To give another example, Robindranth Tagore, the first Asian writer to win the Nobel Prize, came from a family of incredible riches, the kind you can hardly even find anymore. He wrote many stories deeply sympathetic to the poor of India, especially women in which there is no hint of “poverty-porn”. He had no economic need to sell stories by pandering to his readers.

Related to this issue is the Dalit Literature of India which is written by and about the lives of what was once called the Out Cast people of India (apx 120 Million People). Many of these stories focus on the lives of toilet cleaners, street sweepers, and others in the lowest kind of jobs. Most of the authors have advanced degrees, some with Phds from Oxford. Their stories depict institutionalized poverty based on cultural norms going back 1000s of years. Dalit literature is treated as distinct sub-genre of literature. Some of it does feel a bit like “poverty porn”.

I recently read Edward Said landmark book, Orientalism. I think the bad feeling some of the Caine Prize stories arouses come from a Colonial sense that the authors are what are called “native experts” teaching the Europeans how to manage their subjects and being well paid for doing so. They know an over simplied view will sell better than an indepth analysis in which the full humanity of the people in the stories are disclosed. The authors are then, pushing this as devil’s advocate, paid informants and sell outs.

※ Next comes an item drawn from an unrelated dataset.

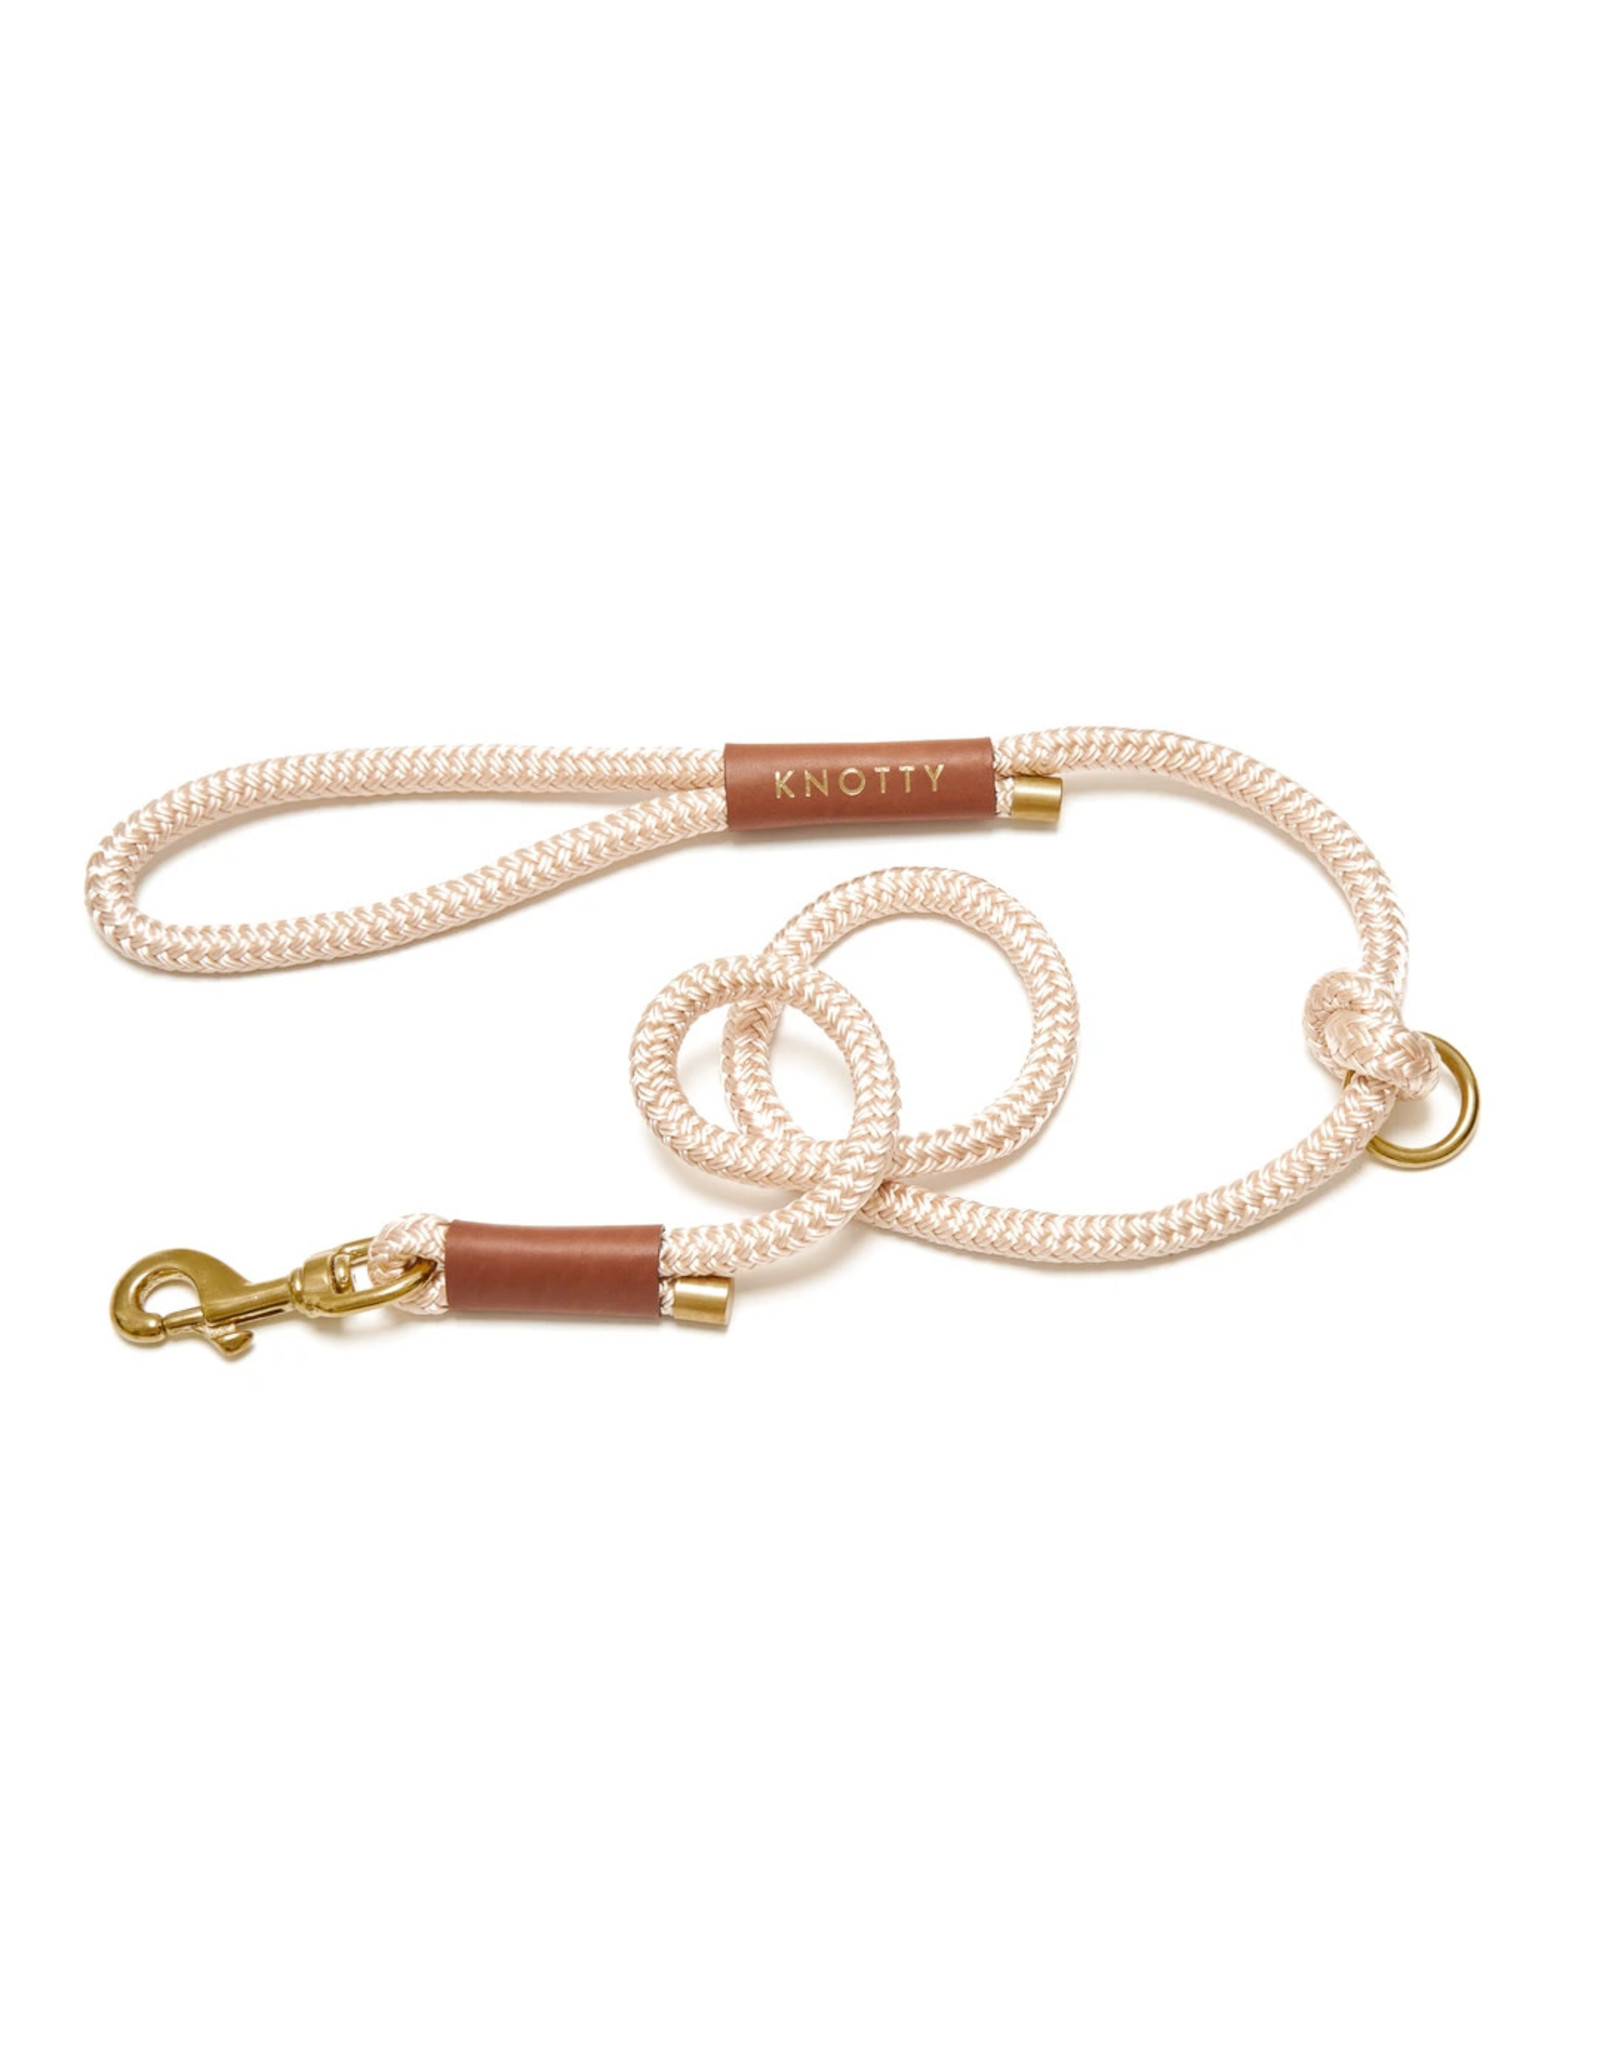 Rope Leash - Champagne
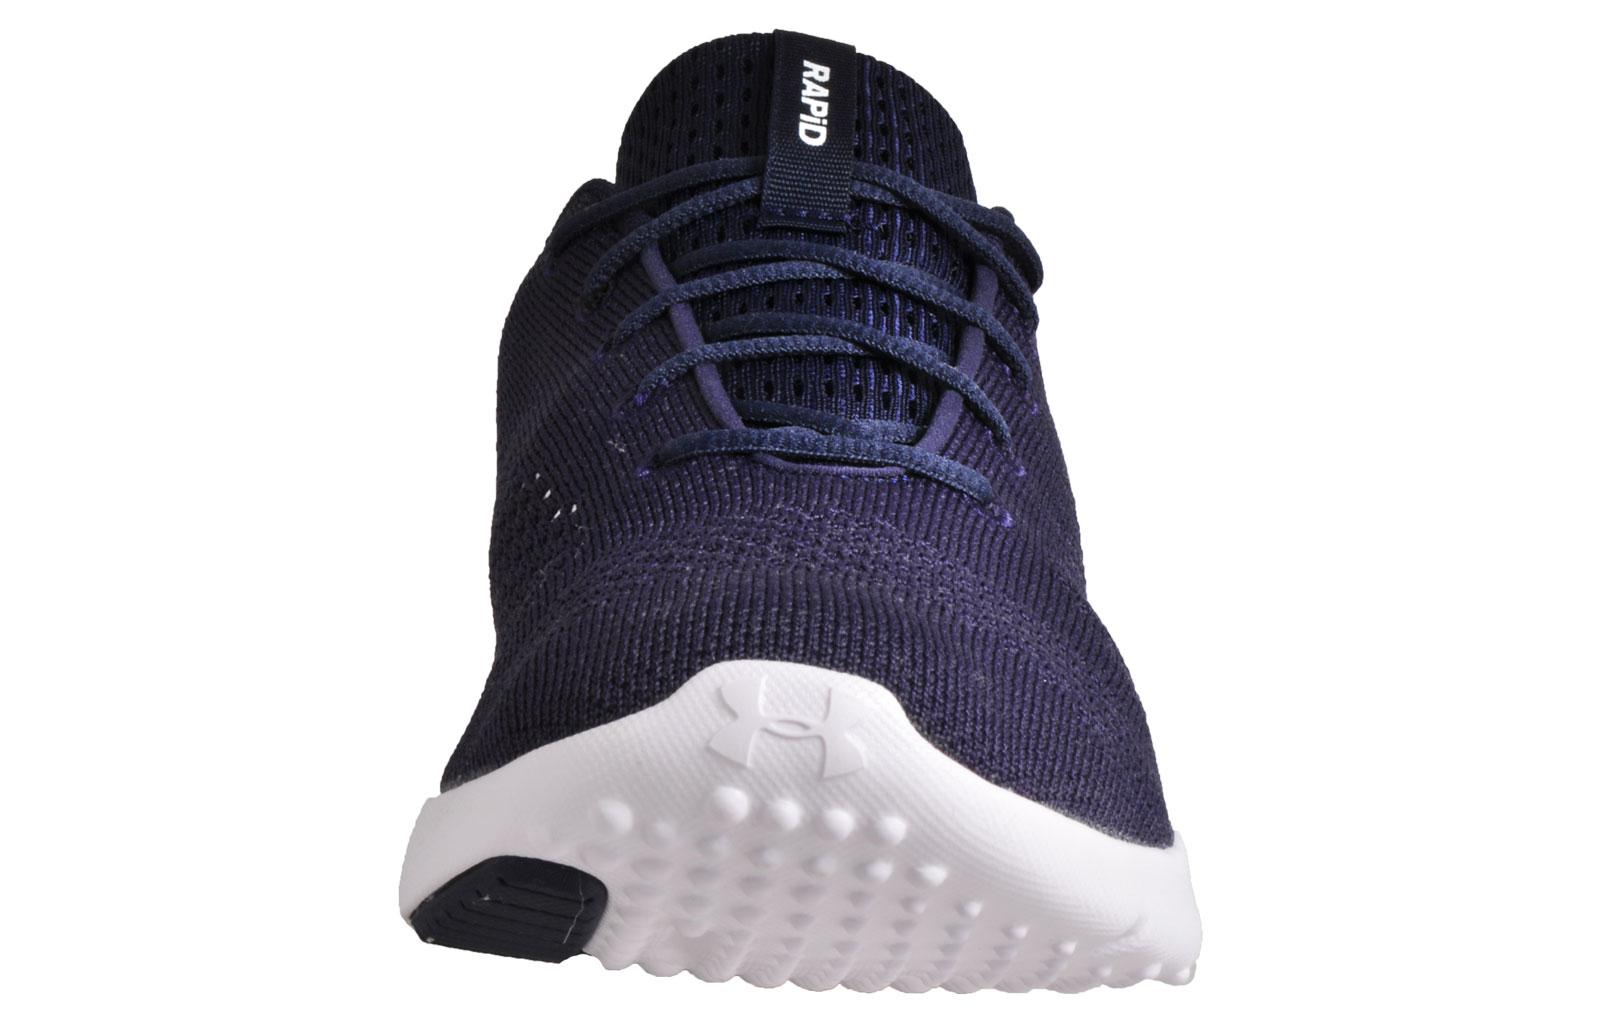 Single Toe Running Shoes

I do not agree with this but I respect it and I am trying to understand the harsh reaction these stories are producing in some readers.

theoncominghope said...

Welcome to the blogathon!

I just wanted to chime in on the concept of "poverty porn." The way you've described it is quite different from the way I visualize it. Yes, on the one hand, it's a way for rich westernites to feel better about their own lives. But I think "poverty porn" is something far more insidious. It's placing stories about "others" into familiar frames, as if we cannot cope with having our stereotypes challenged. As if it's outside our belief for some of these children to have desires beyond basic needs, to have aspirations, to have ideas of their own apart from what we in the west imagine that they want.

This, to me, is exactly why the Indian fiction that sells in India is completely different from what sells in the US. You get garbage like Slumdog Millionaire and Aravind Adiga setting the western world on fire because THAT IS HOW THEY WANT TO SEE INDIANS. They don't want to recognize the economists, the scientists, the inventors. These are the characters and stories more commonly read in India. Science fiction and fantasy as well. Not jasmine draped stories of Rajas or filth-soaked stories of slum-dwellers.

You have really got me on a tear! I will continue this and expand in a new blog post :)

Again, welcome.

Kinga said...

Ok, I am done with mine, I can read your take on it now :D

Ashley said...

I think this is a great short story and I can see why it's nominated. I think it's extremely difficult to write a whole story from the POV of children and make it believable and consister and Bulawayo did just that. And these comments and blog posts are teaching me about "African-poverty-pornography" which I hadn't heard of before. Some very interesting and thought-provoking discussions going on. Lots more reading to do - thanks for posting links for this discussion!